Retrieves the fully processed dataset, ready for use in applications or further analysis. This method ensures that all preprocessing steps are applied and the data is returned in a manageable format.

def get_datasets(self) -> Union[Dict[str, np.ndarray], Tuple[Tuple[np.ndarray, np.ndarray], Tuple[np.ndarray, np.ndarray]]]
Parameters#
  • None: This method has no input parameters.
Returns#
  • Union[Dict[str, np.ndarray], Tuple[Tuple[np.ndarray, np.ndarray], Tuple[np.ndarray, np.ndarray]]]: Returns the processed dataset.
  • If to_pred is None: Returns a dictionary where keys are variable names and values are concatenated numpy arrays representing the dataset.
  • If to_pred is provided: Returns a tuple containing: (X_train, y_train): Training features and targets. (X_test, y_test): Testing features and targets.

Example#

import numpy as np
import xarray as xr
from ml4xcube.splits import assign_block_split
from ml4xcube.datasets.xr_dataset import XrDataset

# Example dataset with chunking
data = np.random.rand(100, 200, 300)
dataset = xr.Dataset({
    'temperature': (('time', 'lat', 'lon'), data),
    'precipitation': (('time', 'lat', 'lon'), data)
}).chunk({'time': 10, 'lat': 50, 'lon': 50})

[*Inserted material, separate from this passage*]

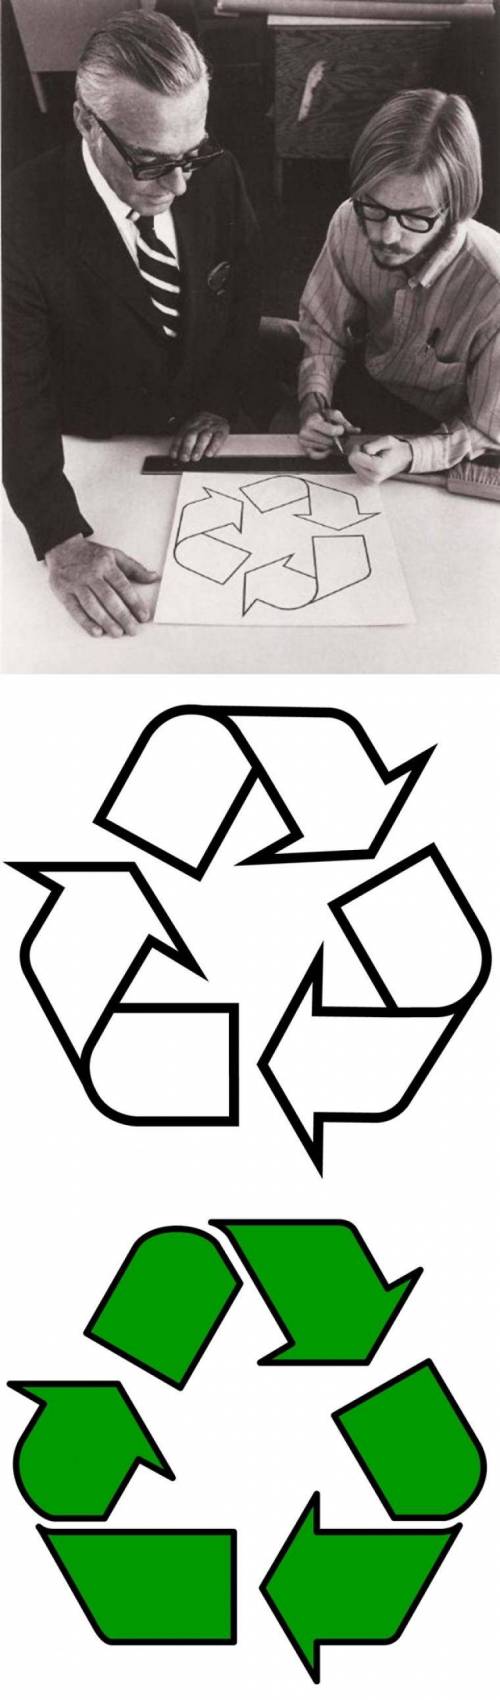 1970년 세계적으로 유명한 상징을 완성한 개리 앤더슨

# Initialize the XrDataset
xr_dataset = XrDataset(
    ds          = dataset,
    rand_chunk  = True,
    drop_nan    = 'if_all_nan',
    fill_method = 'mean',
    sample_size = [('time', 1),('lat', 10), ('lon', 10)], 
    overlap     = [('time', 0.),('lat', 0.8), ('lon', 0.8)],
    to_pred     = 'precipitation',
    num_chunks  = 3
)

# Retrieve the processed dataset
train_data, test_data = xr_dataset.get_datasets()
This example demonstrates initializing the XrDataset class with a dataset, where chunks are randomly selected. NaN values are managed by replacing them with the sample mean, and specific sample sizes and overlaps are defined to create the datasets. precipitation is predicted based on temperature. The processed train and test data is then retrieved, showcasing the class's capability to efficiently manage and preprocess smaller datasets suitable for machine learning models and other analytical tasks.

Notes#

  • XrDataset is designed in order to obtain data samples from num_chunks unique chunks.
  • If num_chunks is not provided it will be set automatically determined, using chunk_indices if assigned or the number of total chunks in the dataset
  • until num_chunks chunks are found containing valid data samples the patience parameter is used. It manages the number of attempts to find the next valid chunk before stopping.
  • Sampling with XrDataset provides the following options:
  • Use specific chunks if chunk_indicesare set.
  • Limit num_chunks to the total chunks if exceeded.
  • Default num_chunks to total chunks if unspecified.
  • Ensure all chunks in num_chunks contain valid, non-NaN data.